= Beginning of Section =

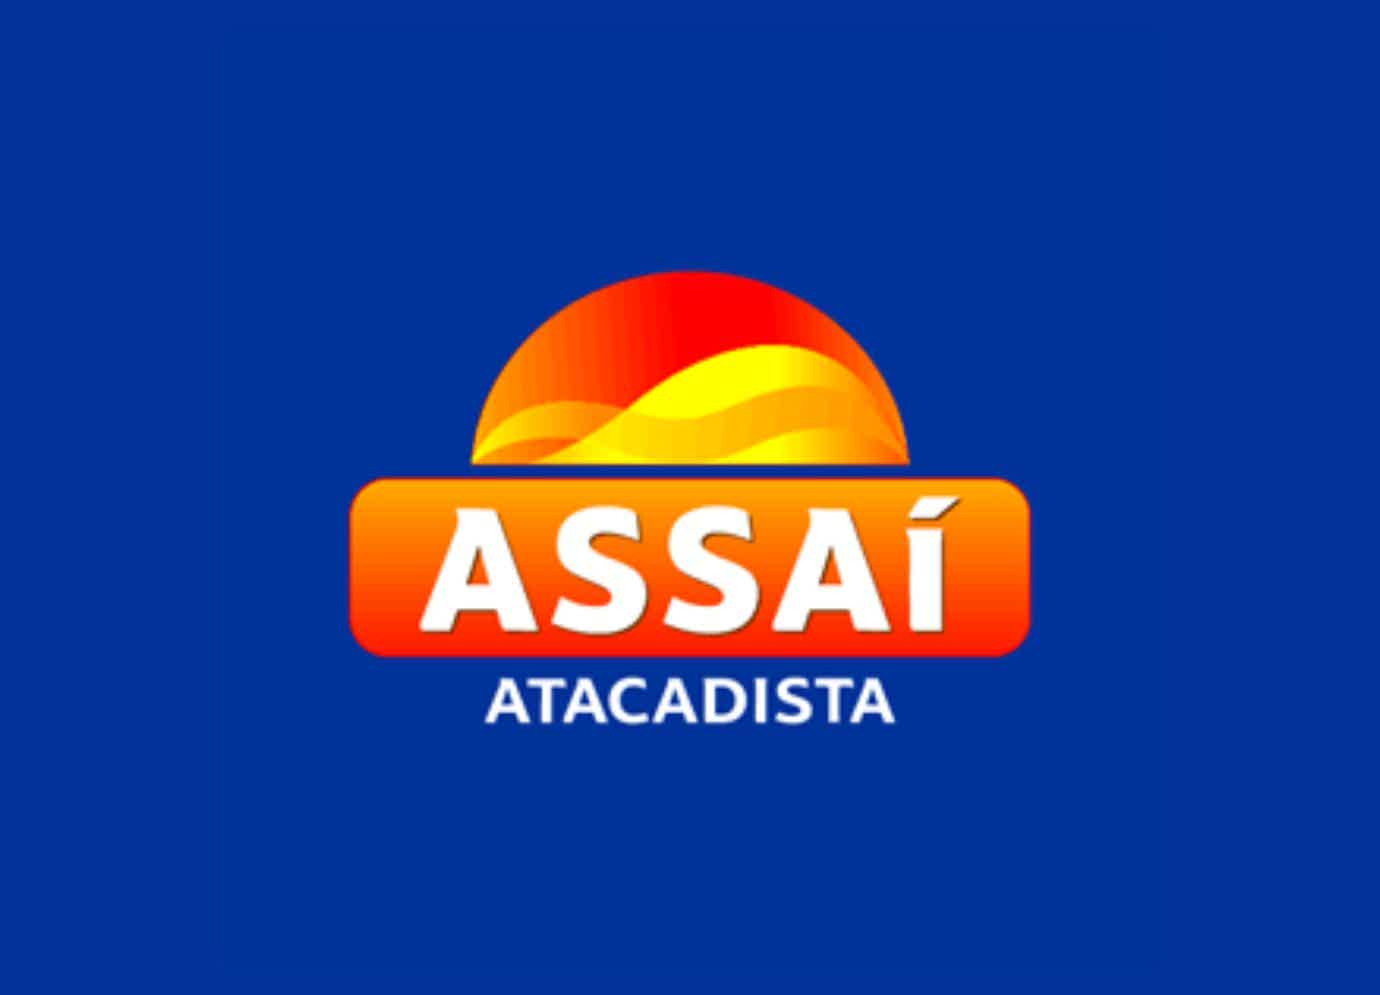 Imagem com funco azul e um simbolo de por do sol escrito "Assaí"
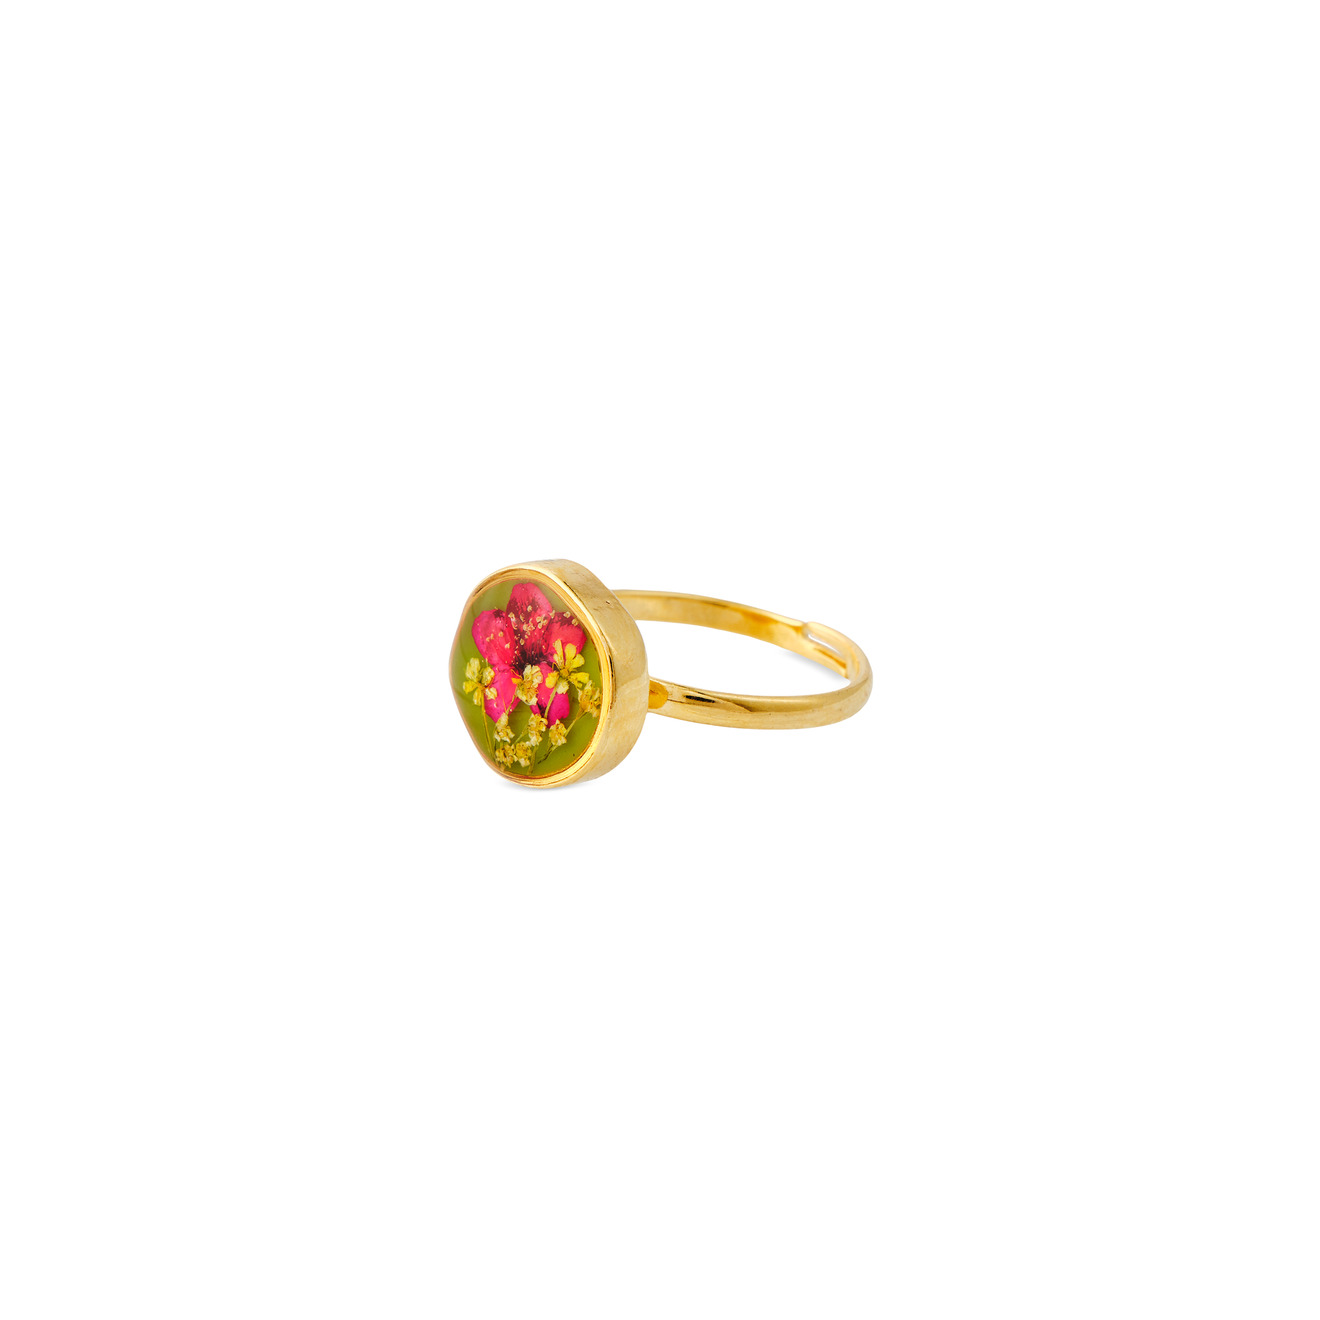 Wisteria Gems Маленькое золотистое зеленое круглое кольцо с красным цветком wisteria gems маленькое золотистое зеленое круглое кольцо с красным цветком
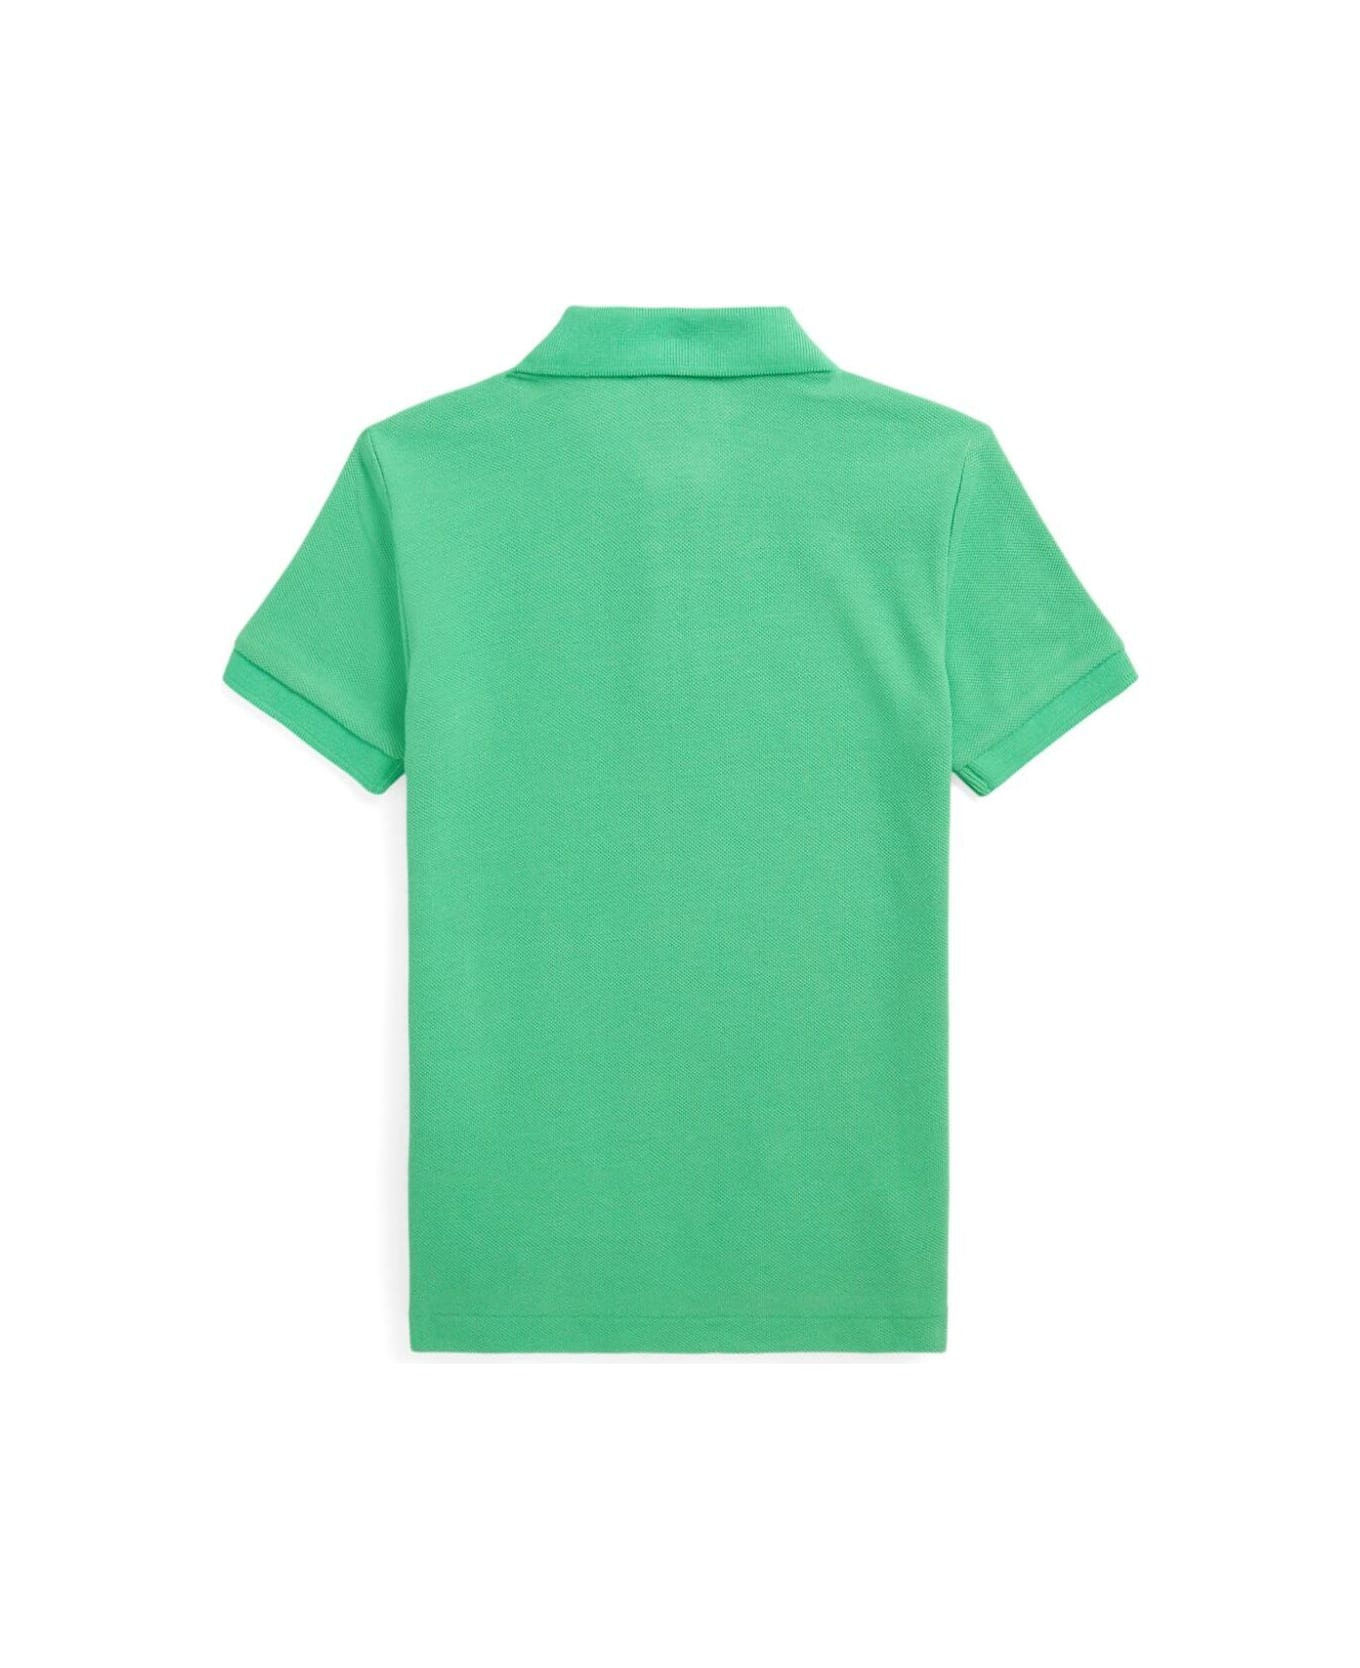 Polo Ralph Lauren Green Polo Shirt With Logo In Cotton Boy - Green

= End of Section =

__The task__.
Write every line above again exactly, but leave the pictures out.

__Result for this exercise__.
 Imagem com funco azul e um simbolo de por do sol escrito "Assaí"
 Wisteria Gems Маленькое золотистое зеленое круглое кольцо с красным цветком wisteria gems маленькое золотистое зеленое круглое кольцо с красным цветком
 Polo Ralph Lauren Green Polo Shirt With Logo In Cotton Boy - Green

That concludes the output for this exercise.